=== Section Start ===

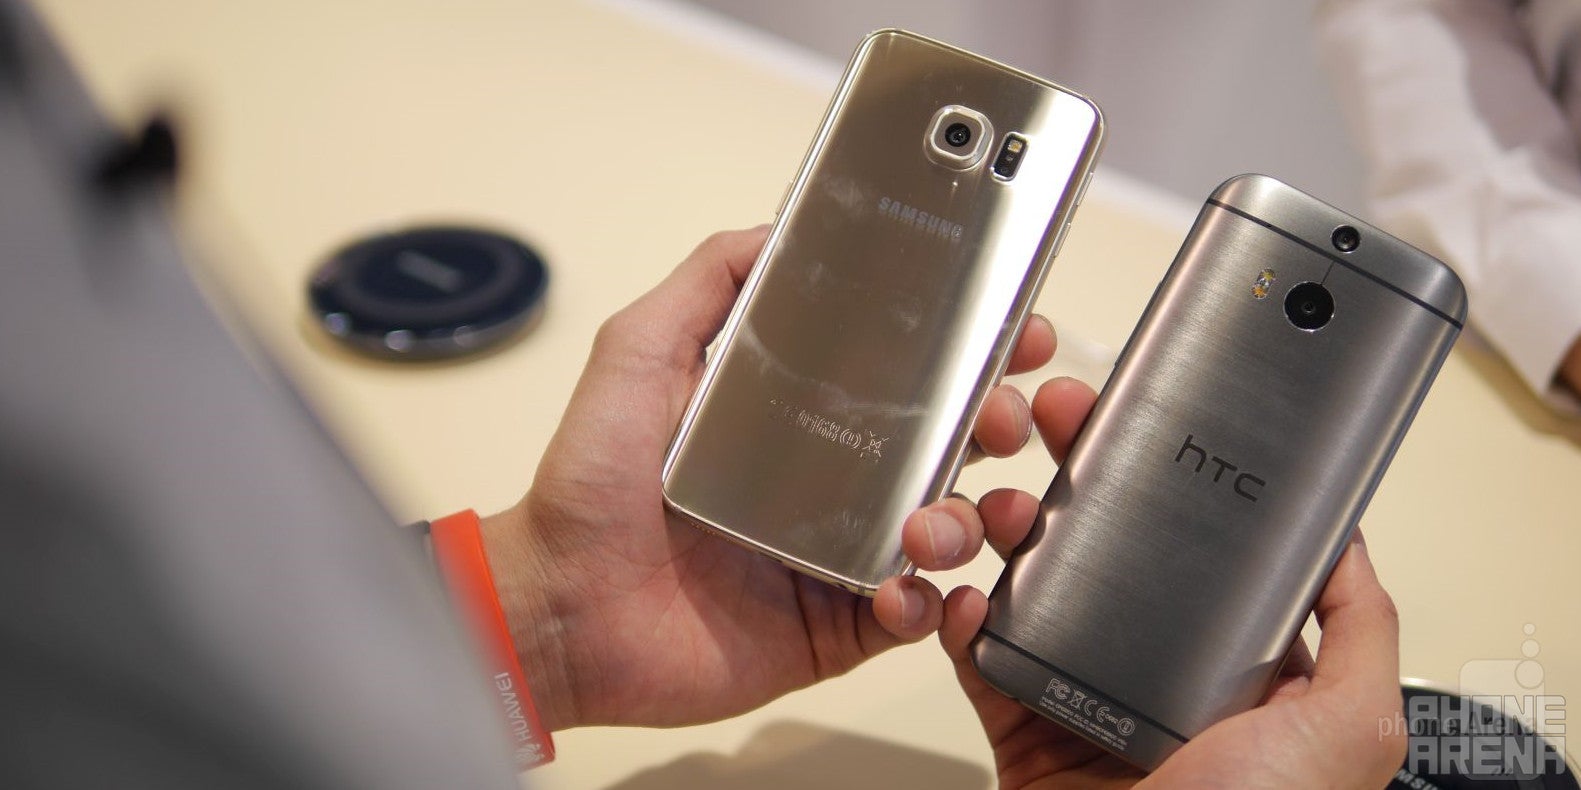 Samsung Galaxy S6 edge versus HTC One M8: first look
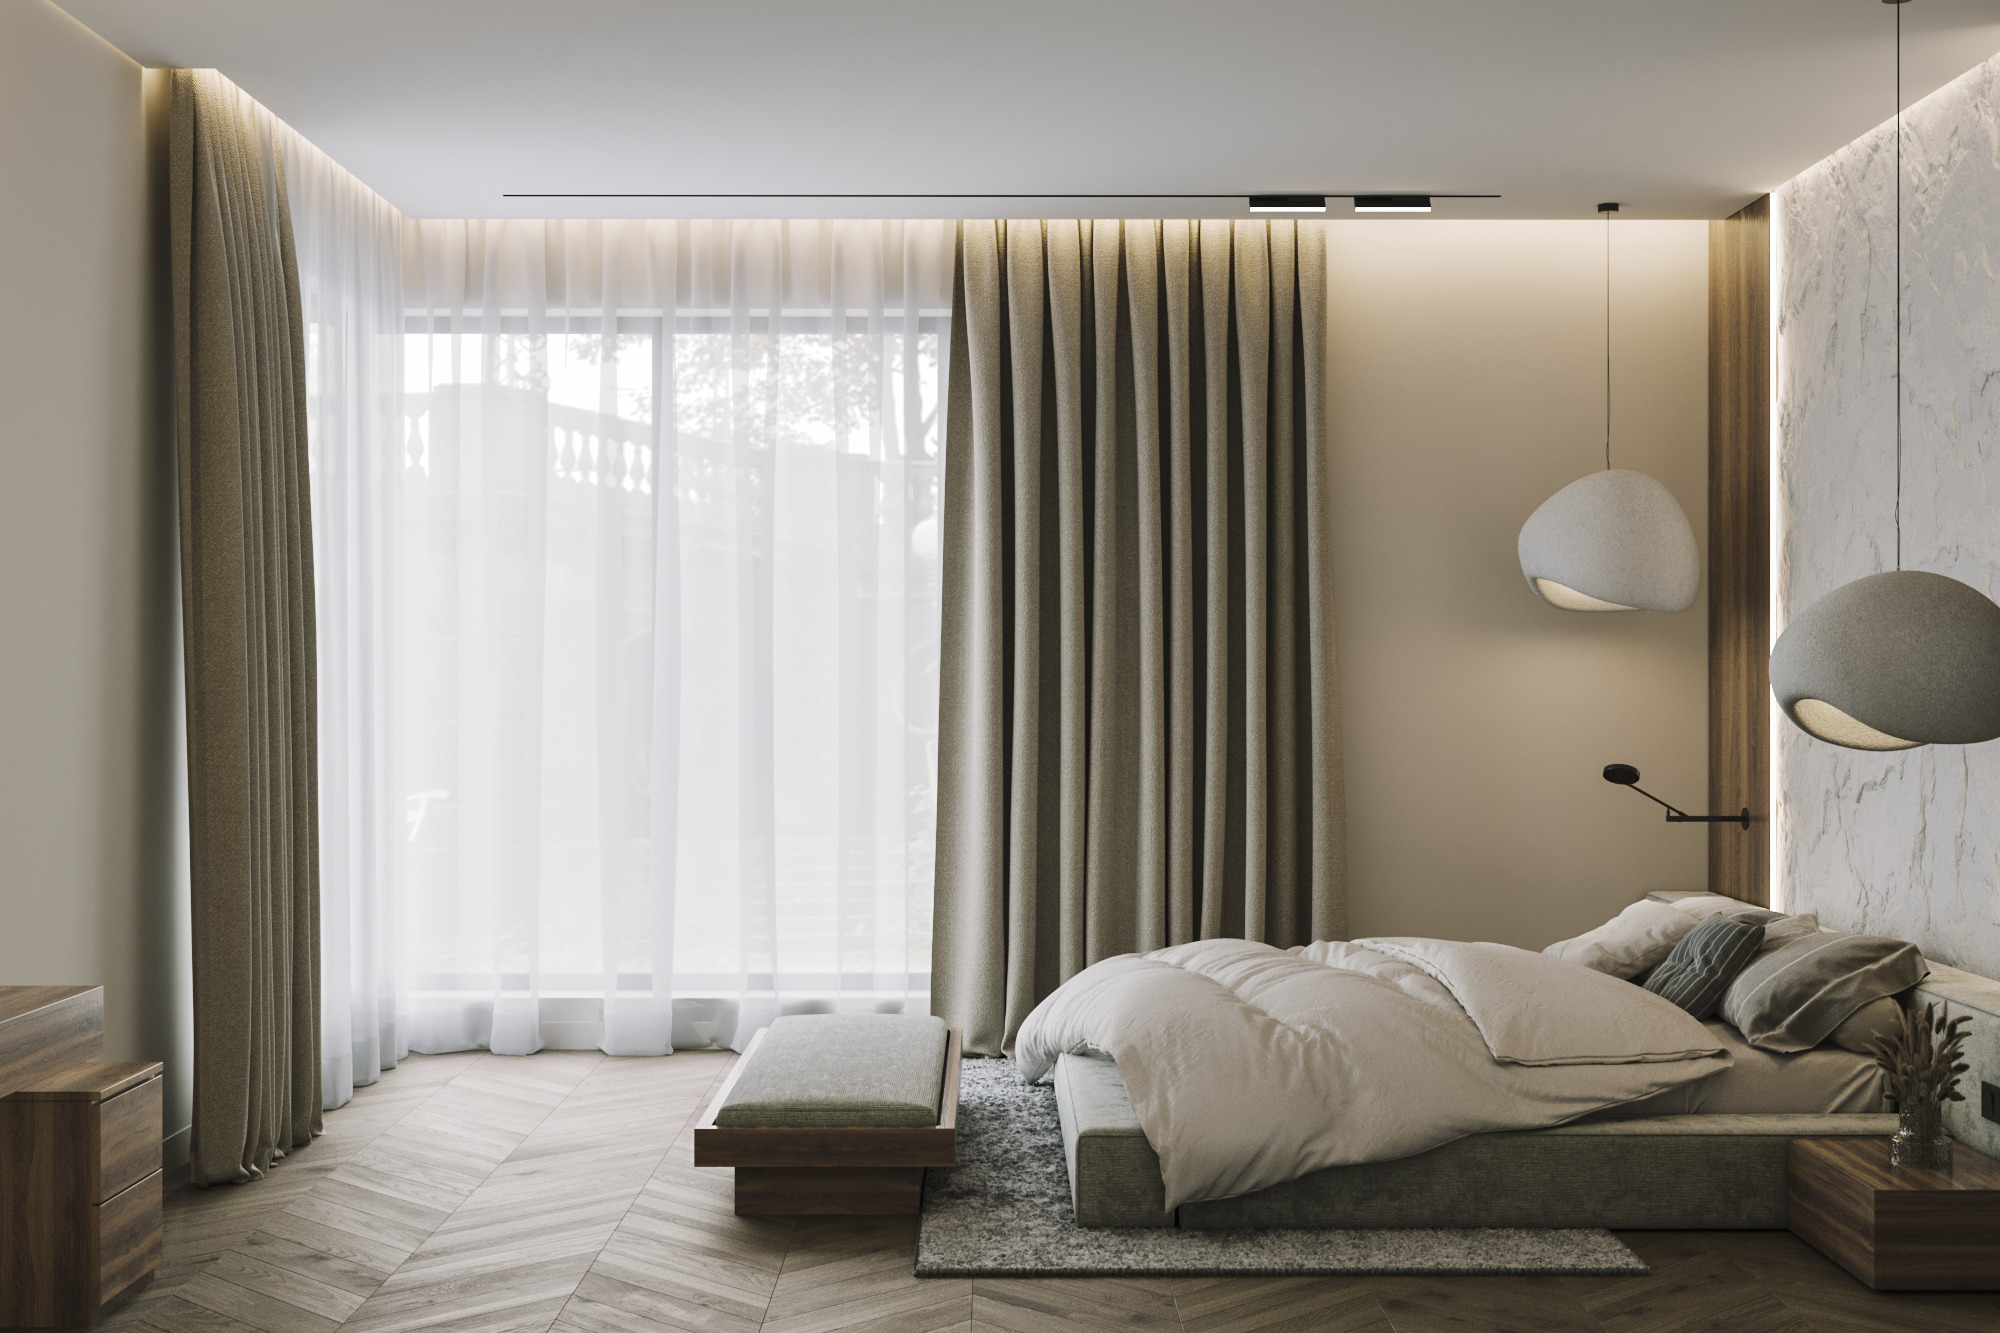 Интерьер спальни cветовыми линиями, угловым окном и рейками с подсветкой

=== Section End ===
=== Section Start ===

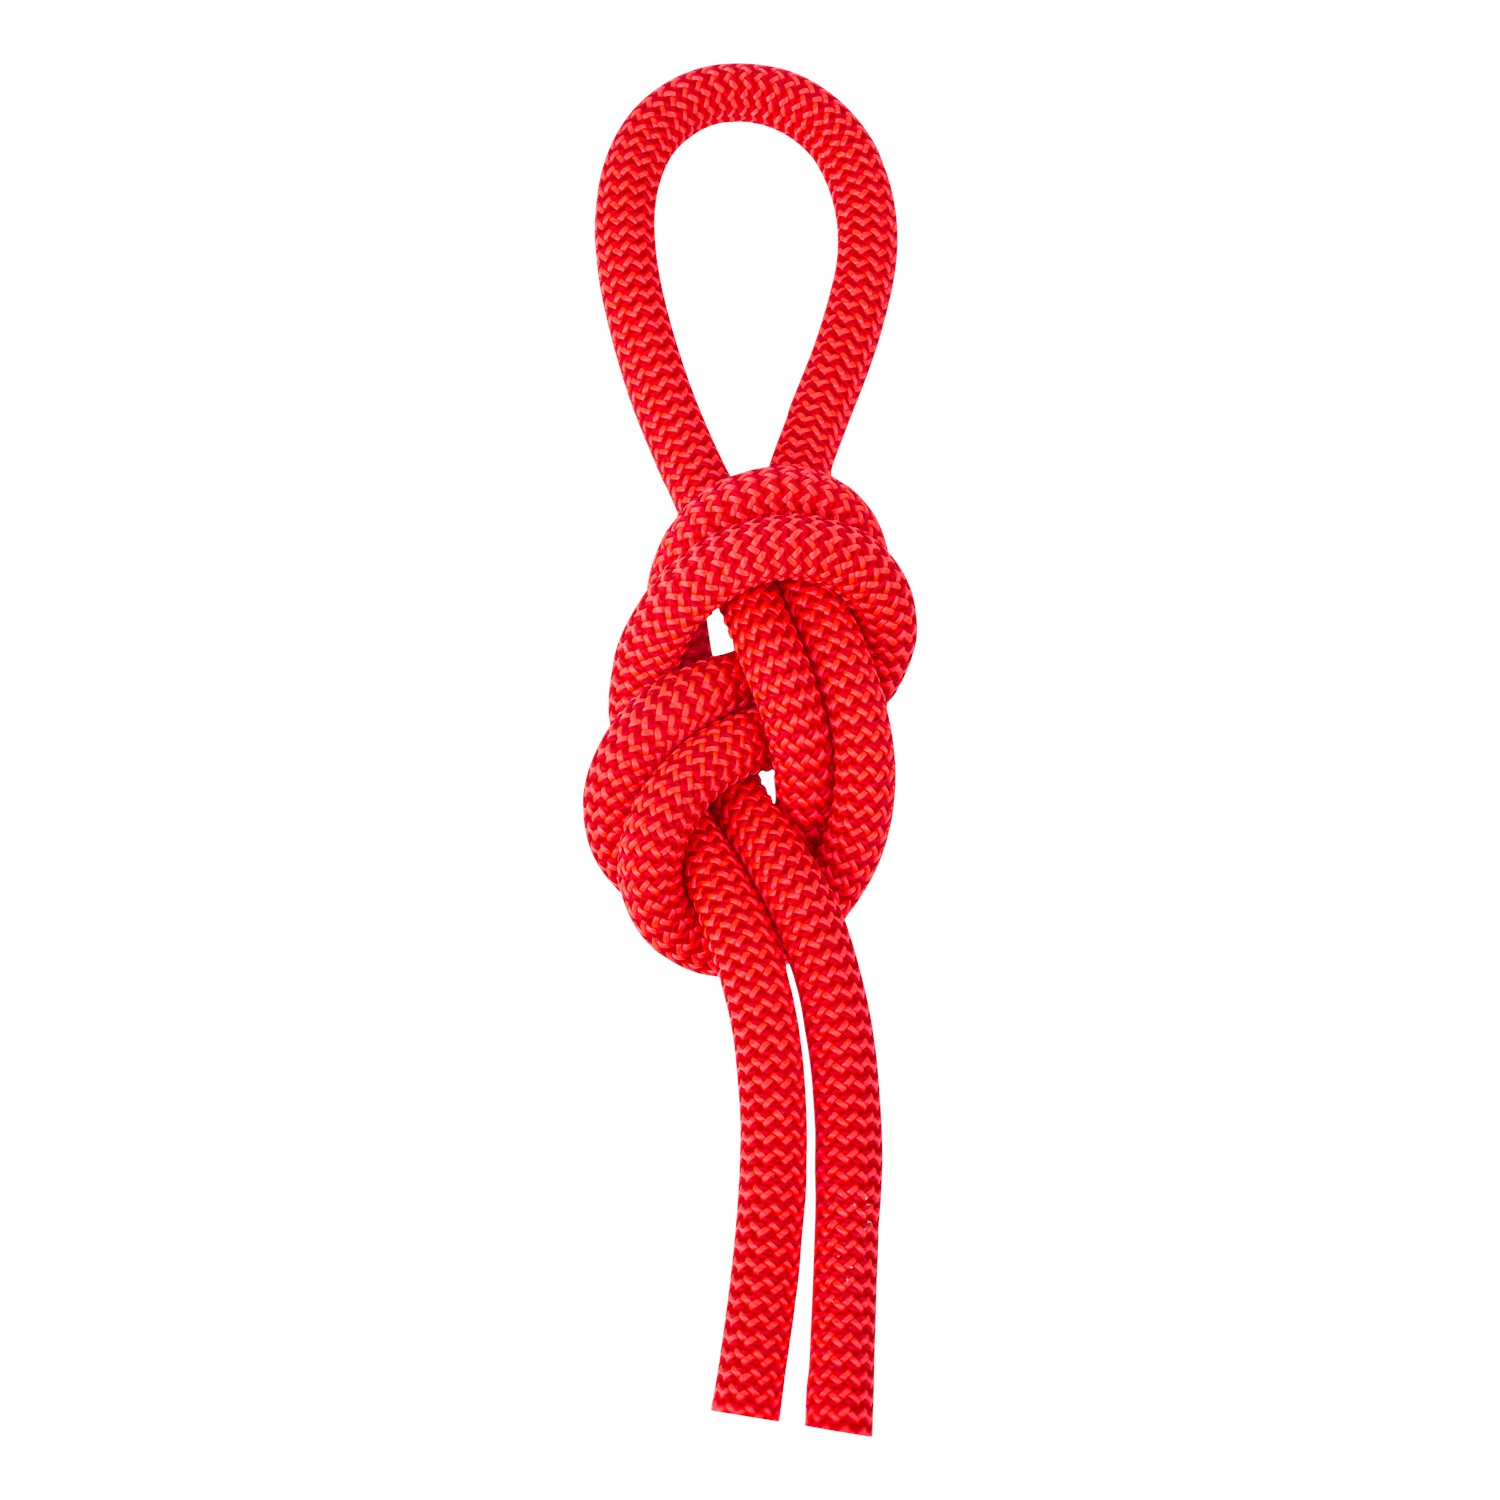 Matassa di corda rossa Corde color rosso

=== Section End ===

What you will do
Print from the line containing "Samsung Galaxy S6" through the line containing "Интерьер спальни cветовыми" in the data above, exactly as the lines stand, and omit every picture.

Expected answer
 Samsung Galaxy S6 edge versus HTC One M8: first look
 Интерьер спальни cветовыми линиями, угловым окном и рейками с подсветкой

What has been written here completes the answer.